It was stated that the order p of an explicit RK method with a n,m,s implementation cannot exceed m, regardless of the number of processors n. It is well known that, for 1 <= m <= 4, there are m-stage ERK method that are of order m. Thus, parallel implementation cannot increase the order/stage ratio for such methods. For more than five stages, the order of an explicit RK method is always smaller than the number of stages, and an improvement via parallelization is possible, but it seems that explicit RK methods are not facilitated much by parallelism at the method level. Consequently, the attention must be focused on implicit methods, inclusive of diagonally implicit methods.

Parallelism in diagonally implicit Runge-Kutta methods (DIRK). In this case a_ij=0, j>i. The parallelism comes about because the stages within a block are shared amongst the processors. One of the drawbacks of the above approach seems the fact that the stage order is at most 2 (the stage order is defined to be the minimum order of all the interval components). The order behaviour of a method when applied to many classes of stiff problem is more like the stage order of the method than the classical order of consistency.

Parallelism in singly implicit and multi-implicit Runge-Kutta methods (SIRK and MIRK). Since parallel computation is becoming widely available it is natural to ask how to construct such methods which are suitable for implementation in a parallel environment. One possible way to do this is by requiring that the method is a multimplicit Runge-Kutta method (MIRK). In a MIRK method, the matrix A has all eigenvalues real and distinct, so that A matrix is similar to a diagonal matrix with the eigenvalues on the diagonal, which makes it suitable for a parallel implementation.
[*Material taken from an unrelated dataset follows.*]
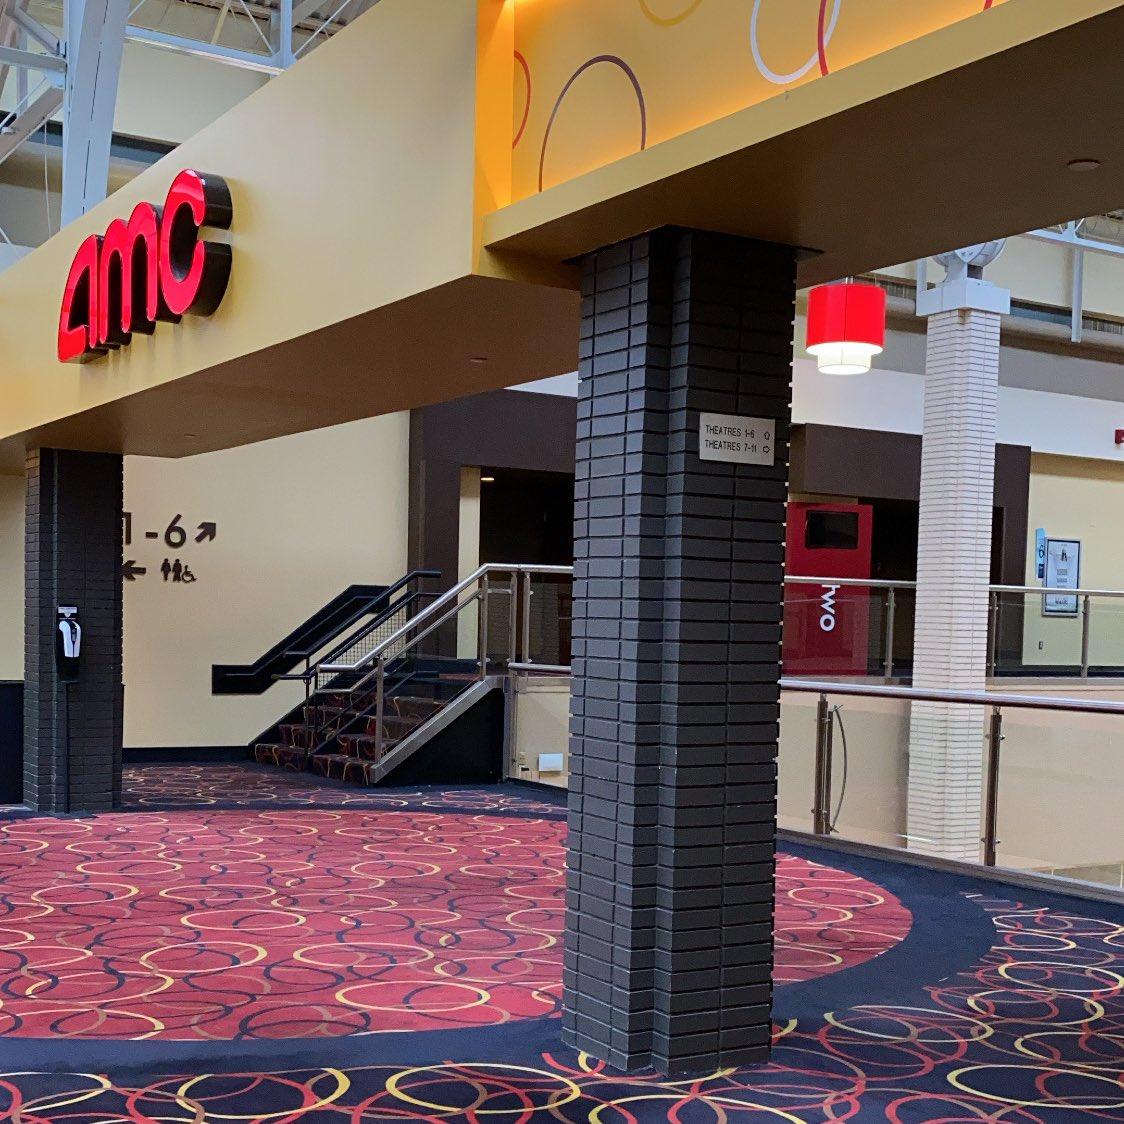 Movie time! #TGIF 🇺🇸 #LiamNeeson never disappoints! #TheMarksman @AMCTheatres @TheMarksmanMov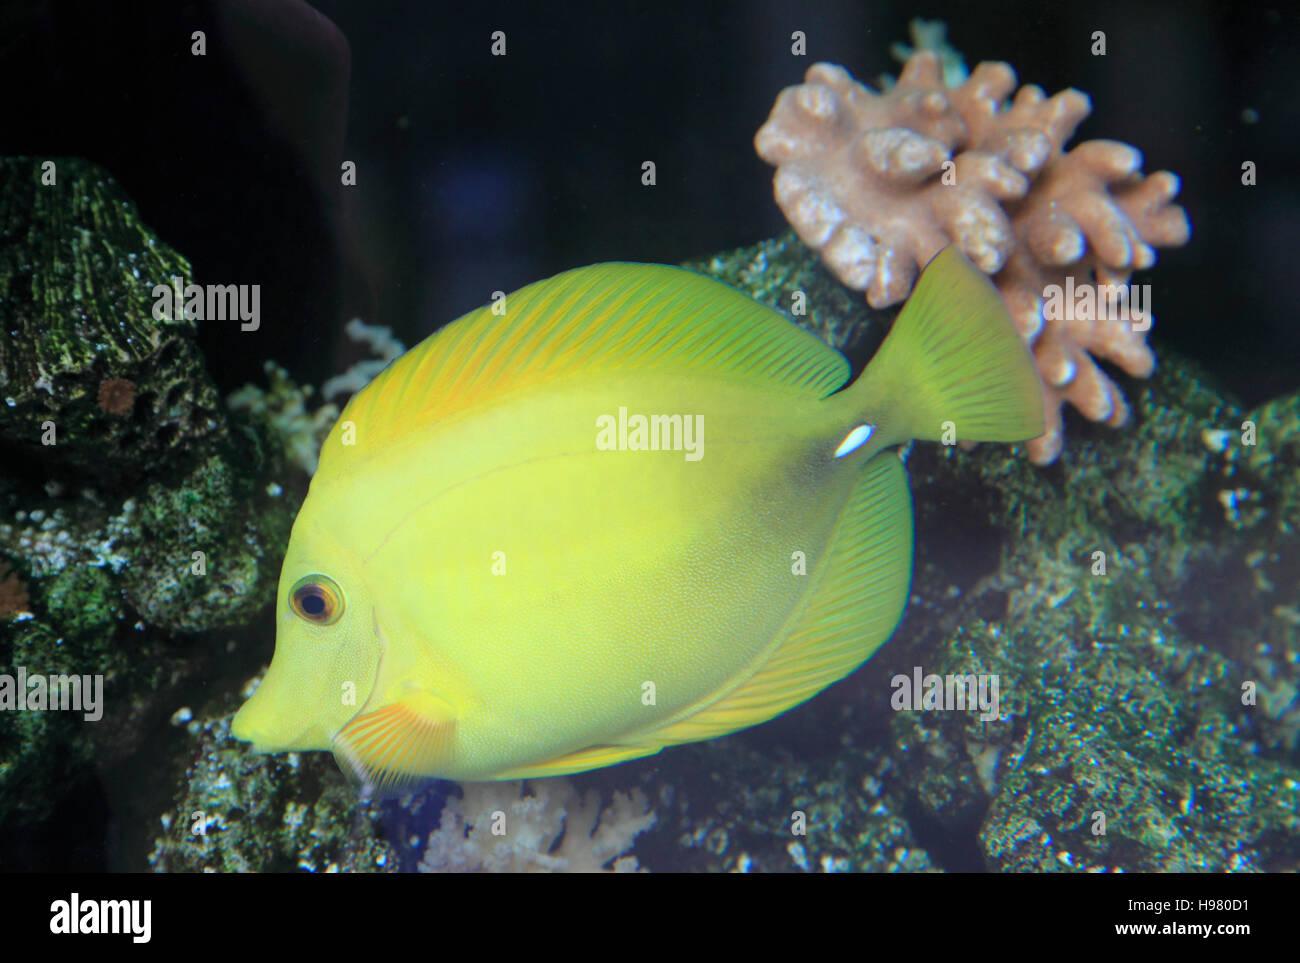 Japan Tokyo Aquarium Fish Stock Photo 126180461 Alamy

Direct methods: extrapolation schemes

Many times it has been remarked that extrapolation methods possess a high degree of parallelism and offer an extremely simple technique for generating high-order methods. Extrapolation algorithms can be applied efficiently especially in two situations, where the function f is approximated by either polynomials or rational functions. A detailed analysis shows that a sophisticated load balancing scheme is required in a parallel system to achieve good speedup.

The basic idea is that any differential method can be applied over a time interval [t_n,t_n+H] with a series of different constant stepsizes h_i=H/n_i, i=1, ..., p . If the underlying method has an even power series expansion of the stepsize in the global error, then Richardson extrapolation can be performed to generate high-order methods of any desired accuracy. An efficient parallel implementation requires the grouping of the p methods to ensure that each processor has approximately the same amount of work; this approach is well suited for a parallel implementation when the problem size is large or function evaluations are very costly, but the parallelism is strictly limited.

Direct methods: block methods The main reason for the popularity of BDF methods is the relatively low computational effort per step, at least when compared with other suitable methods for stiff equations, such as implicit RK methods. However, the FLM have one serious disadvantage: they are subject to the so-called second Dahlquist barrier, which says that the order cannot exceed two if the method has to be A-stable.

Block methods are easily adapted to a parallel mode with little apparent degradation in the solution. Stability boundaries are not significantly altered and estimation of error is unaffected by the change to a parallel system. The obvious drawback to these schemes is that their parallel performance is inherently limited, i.e. the performance is dependent on the number of nodes in the scheme.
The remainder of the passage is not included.